*Provided entries:*

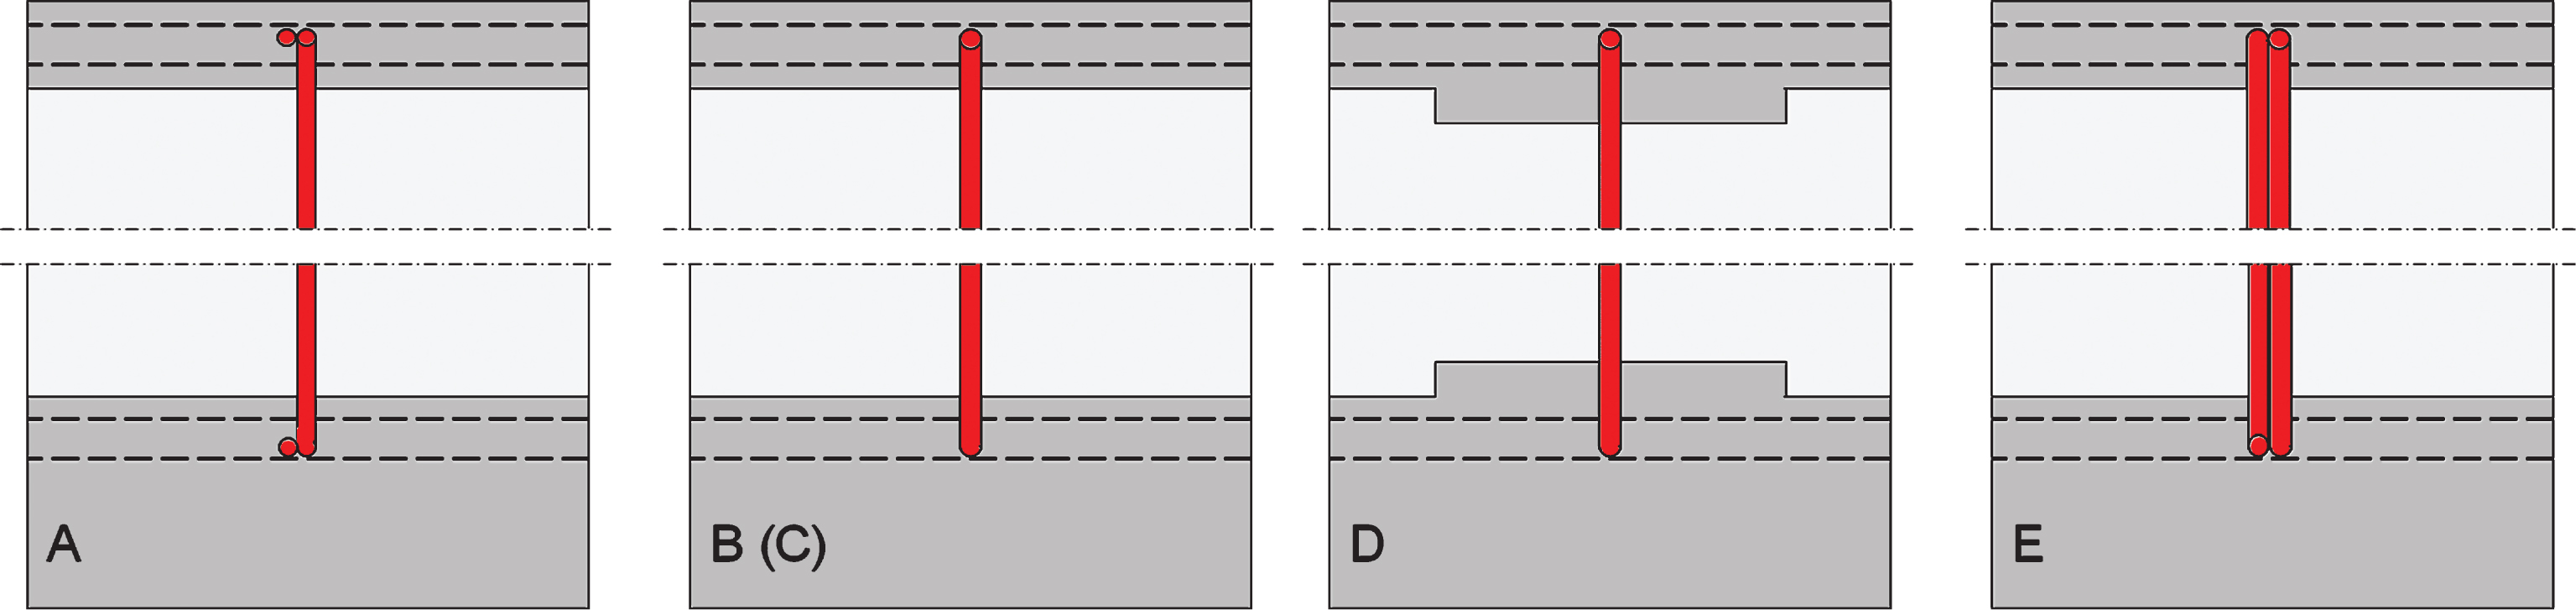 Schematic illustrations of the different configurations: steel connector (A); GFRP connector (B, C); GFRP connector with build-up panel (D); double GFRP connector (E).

--

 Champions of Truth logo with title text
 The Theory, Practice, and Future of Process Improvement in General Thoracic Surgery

--

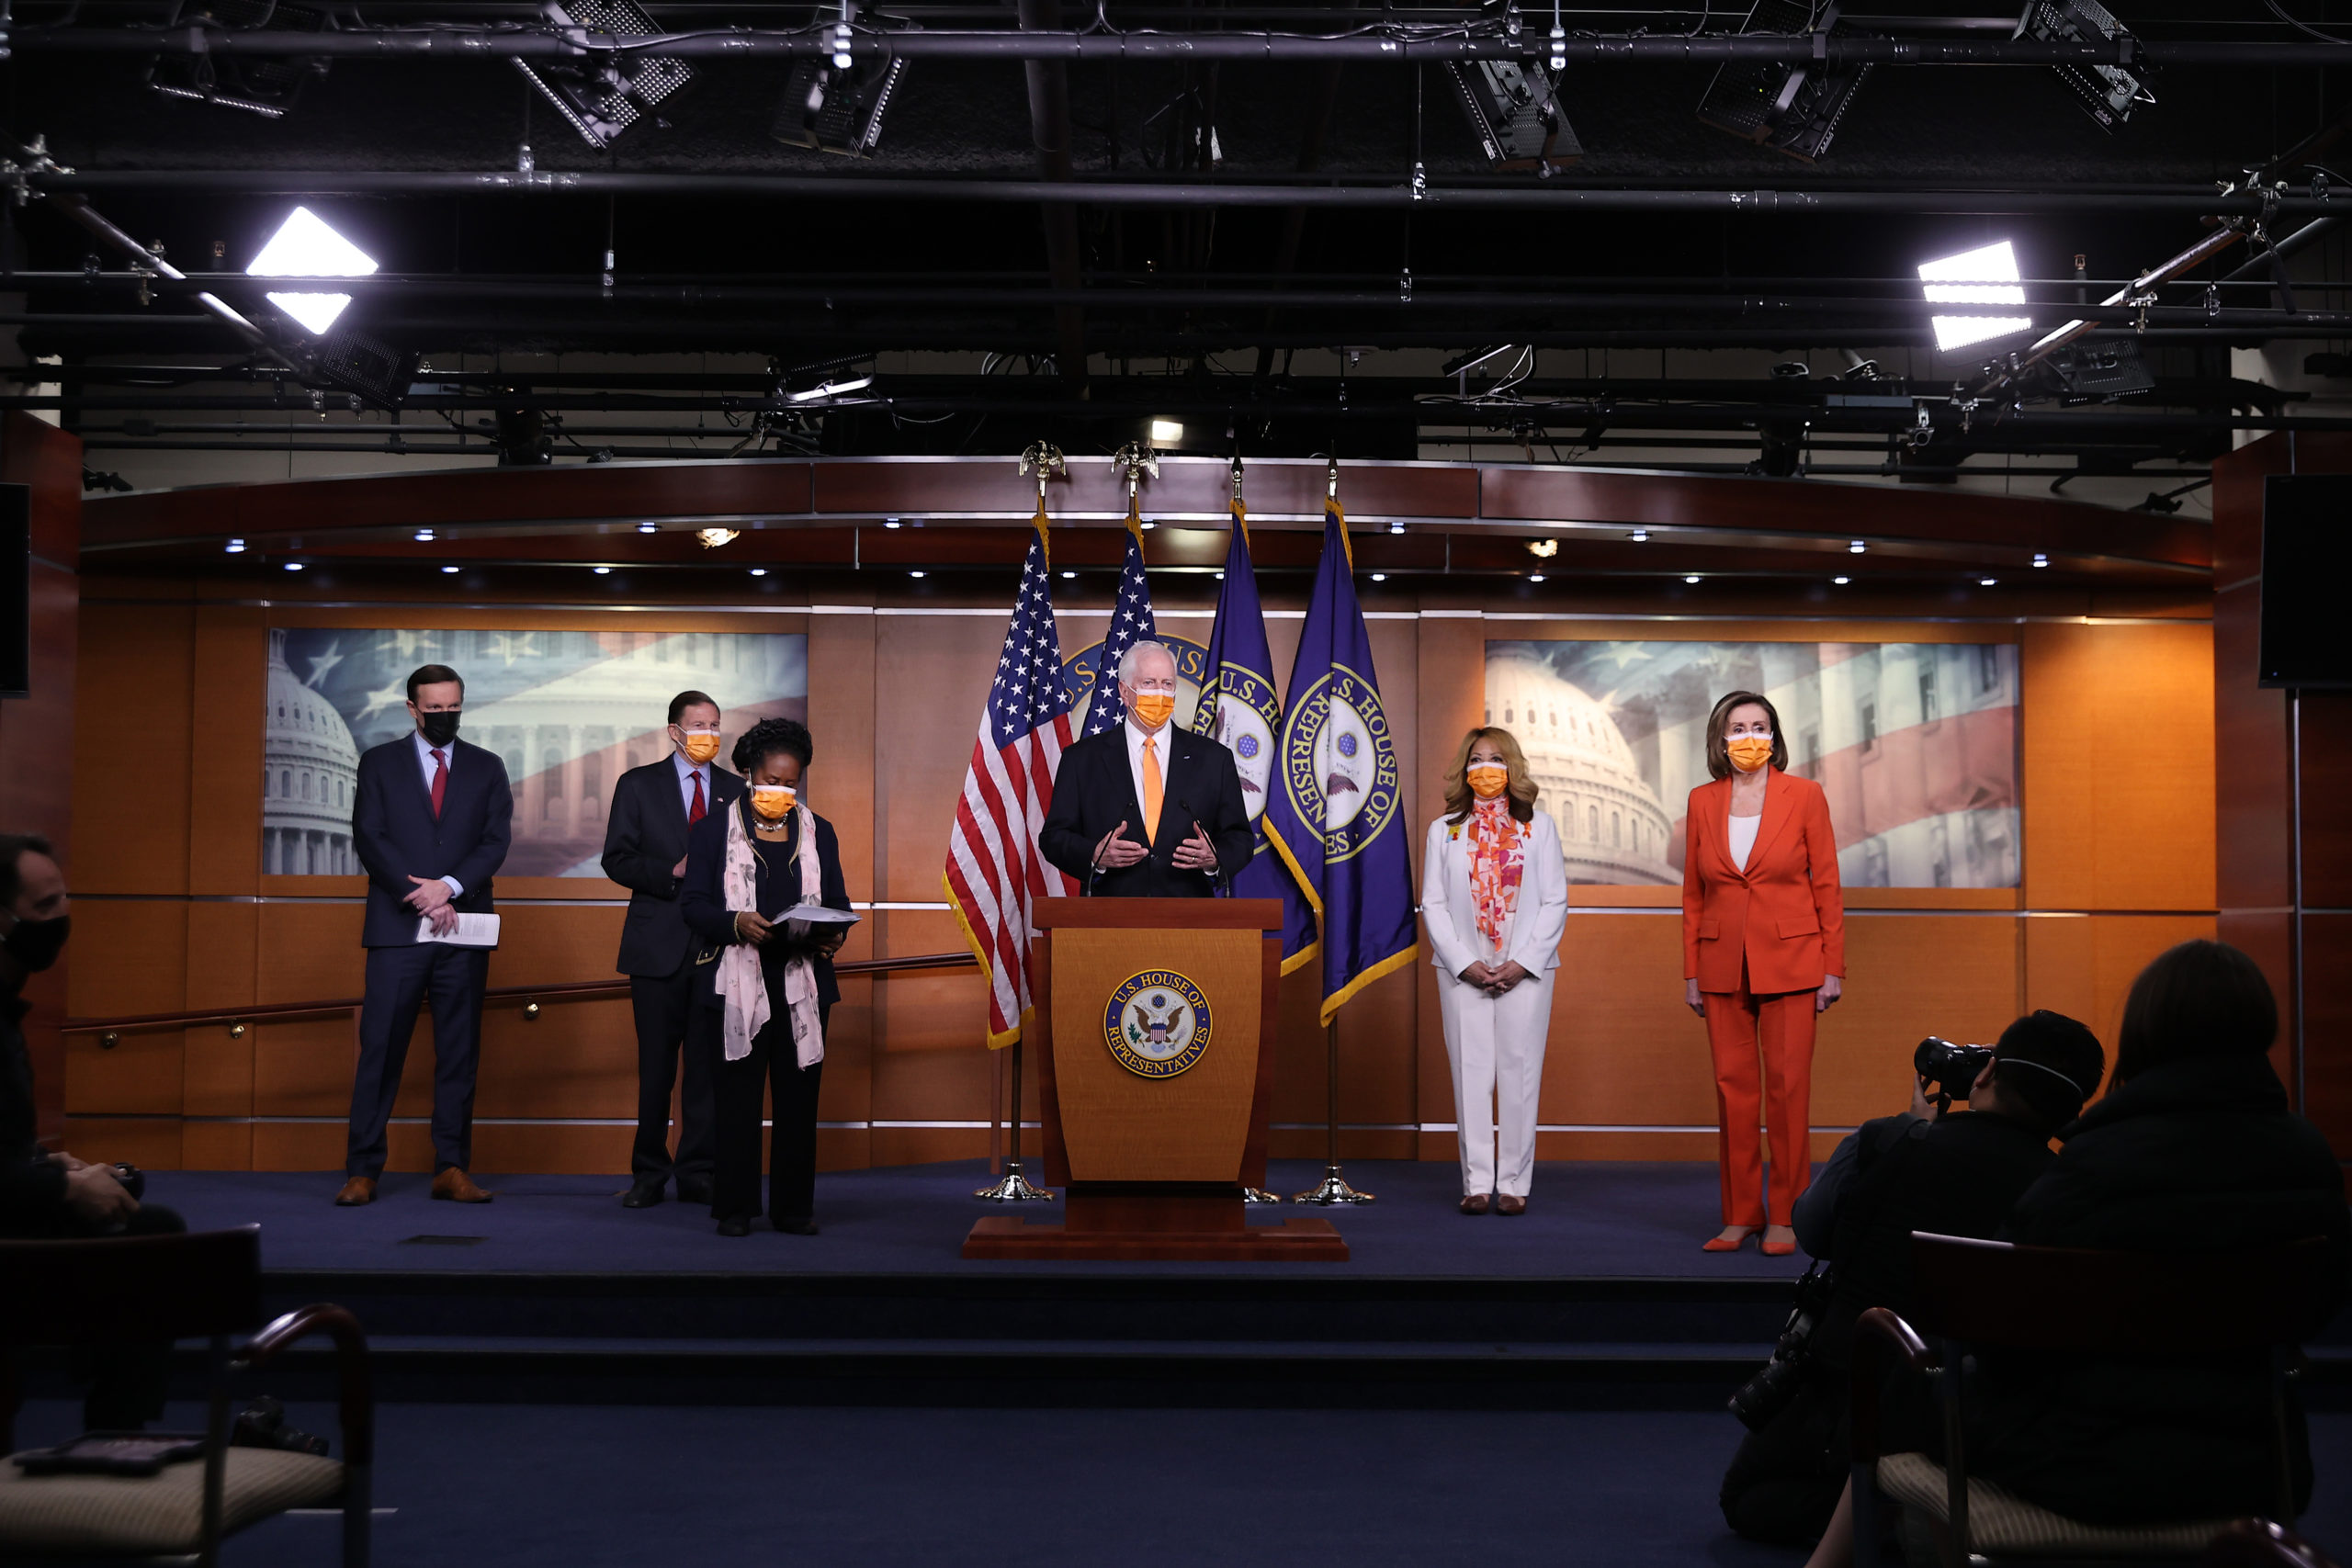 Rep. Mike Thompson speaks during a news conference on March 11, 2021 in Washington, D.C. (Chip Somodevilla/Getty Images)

*Your instructions:* Could you restate, word for word, the lines above from the one with "Champions of Truth logo with title text" to the one with "The Theory, Practice, and", both included?

*Result of this task:*
 Champions of Truth logo with title text
 The Theory, Practice, and Future of Process Improvement in General Thoracic Surgery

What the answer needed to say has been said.